I'm trying to avoid the cost of buying the Aquarite Controller box to power my T-15 Cell.

I read in another thread that you can power the Pentair IC40 using a 36v 10a power supply and I want to do the same. I'm just not what voltage to power the T-15 cell with.

According to inyopools.com (http://www.inyopools.com/HowToPage/h...-values.aspx):

"...CELL VOLTAGE - The Cell Voltage is typically 22.0 to 25.0 Volts when chlorine is being generated, otherwise it is 30 to 35 Volts."

and

"...CELL AMPERAGE - The cell's average amperage when chlorine is being generated varies with the size of cell installed: T-15 is 3.1 to 8.0 amps; T-9 is 2.3 to 6.7 amps; T-5 is 1.9 to 5.7 amps; and t-3 is 1.3 to 4.5 amps. When the cell is not generating chlorine the amperage is 0"

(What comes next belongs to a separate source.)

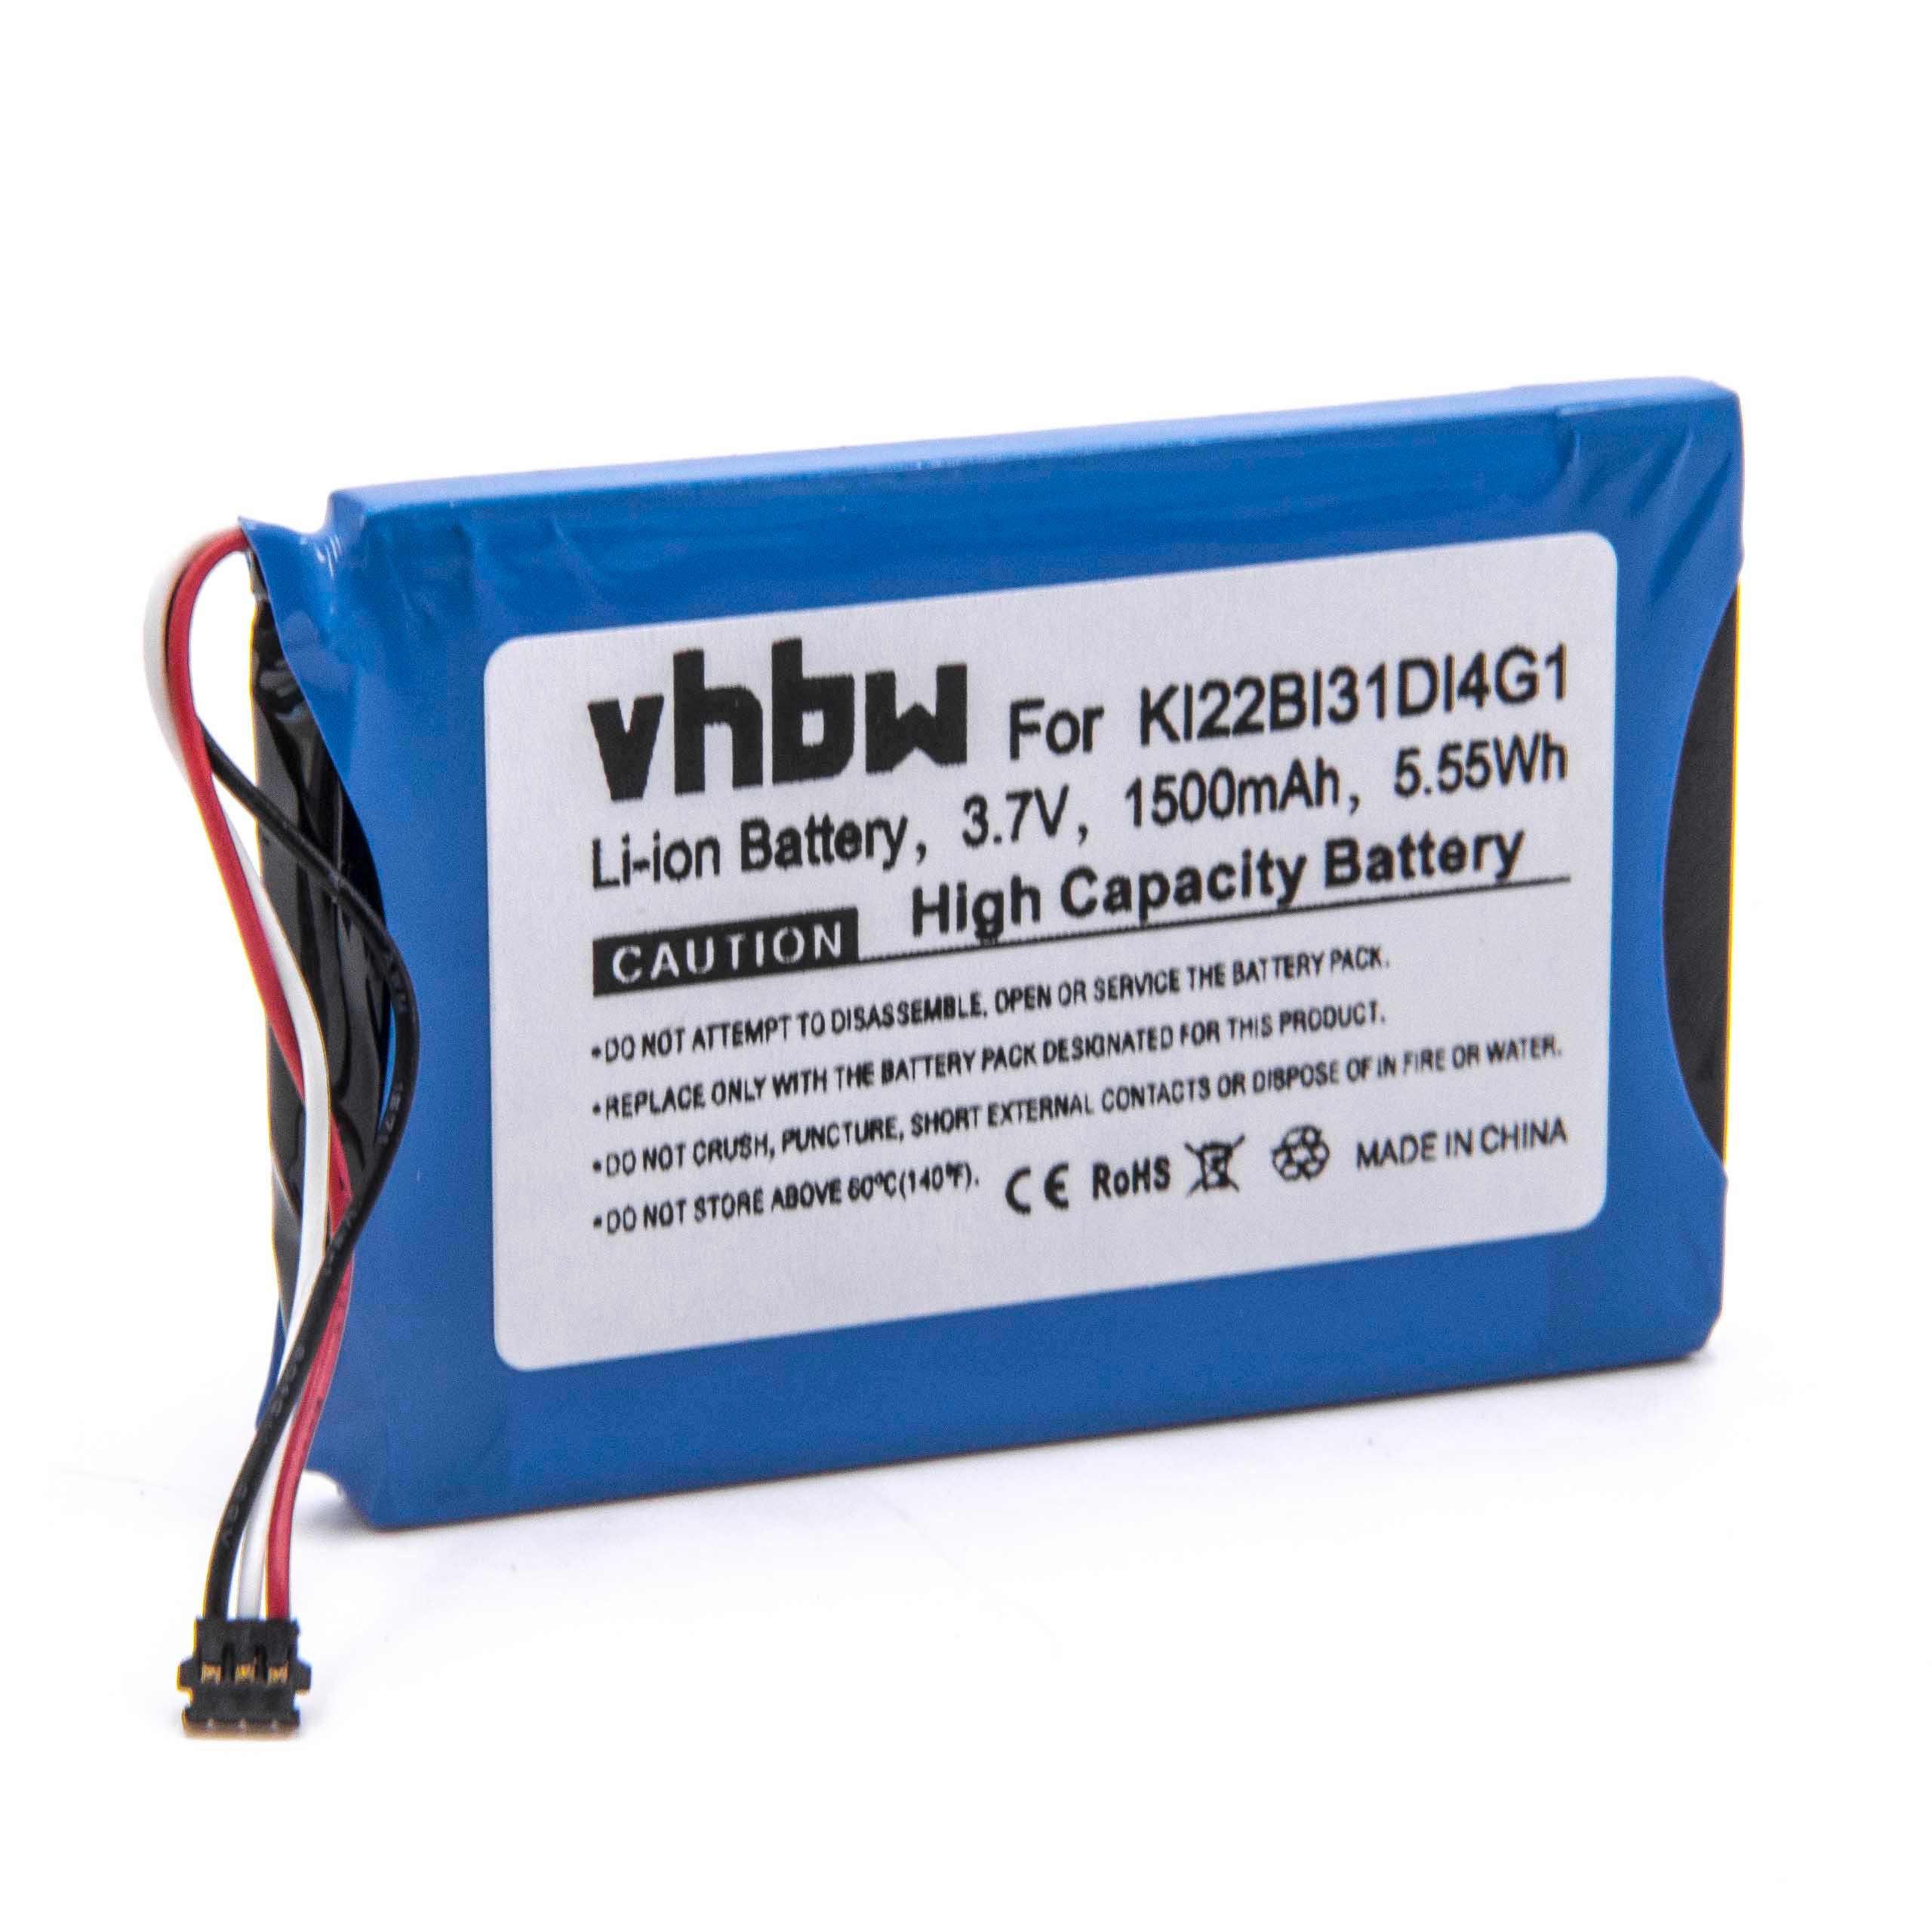 Batteria sostituisce Garmin KI22BI31DI4G1 per navigatore Garmin - 1500mAh 3,7V Li-Ion

I do realize that without a controller, the salt cell will always be generating but I intend to use a different controller (Arduino controller) with a relay to handle the powering on/off of the salt cell.

My question is what power supply should do the trick? The same as the one you guys mentioned for the Pentair IC40?

I believe that the Aquarite T-15 Cell has 5 connections in the cable that runs to the controller. Does anybody know which pins are for what?


I really do appreciate any direction you could give me on this. Thanks! :smile:
 
Holding the plug vertically with the cord going down and looking at the connection points. 1 is top left, 2 is top right, 3 is second down left and so on with 9 being lower left and 10 being lower right.

1) Black - Power to cell
2) White - Power to cell
3) Black - Power to cell
4) White - Power to cell
5) Brown - Not used
6) Red - Goes to thermistor
7) Orange - Not used
8) Yellow - Not used
9) Green - Not used
10) Blue - Goes to thermistor.

A power supply that has 24 to 30 volts dc and 10 amp capacity should work.

I can't recommend that you do this as there are safety issues related to making your own supply. Make sure that you have a flow switch incorporated to prevent generating with no flow.

Extend AquaRite T-Cell Cable
 
I would think if you made your own power supply and didn't use the controller you wouldn't be able to adjust the output either so it may or may not work right. Benefit to adjusting the output is you can set the output lower to extend the life of the cell instead of running it at 100% all the time. I personally run my Jandy Pro TruClear at 80%. I run the pump a little longer but it will last longer without maxing out the cell at 100%

Not to mention the safety concerns....
 
The OP is setting an example to the Pentair salt cell with a built-in controller in whole or in part (correct me if I'm wrong) vs Hayward T-15 that has nothing but an array of titanium plates coated with either ruthenium or iridium and a thermostat. The voltage supply to the T-15 is fixed ranging from 24-26 Vdc when chlorinating and the output % settings dictate the amount of time the cell should remain powered on based on the preset 180 mins cycle.

There's a wealth of knowledge in the below threads for those who wish to expand their knowledge about the salt cell.

http://www.troublefreepool.com/threads/100791-What-makes-the-difference

http://www.troublefreepool.com/threads/95581-Economics-of-Saltwater-Chlorine-Generators

http://www.philipdoolittle.com/2018/03/salt-cell-failure-post-mortem-with.html
 
Hi Everybody,

JamesW, Meadow, and Jwmote, thanks for all your help!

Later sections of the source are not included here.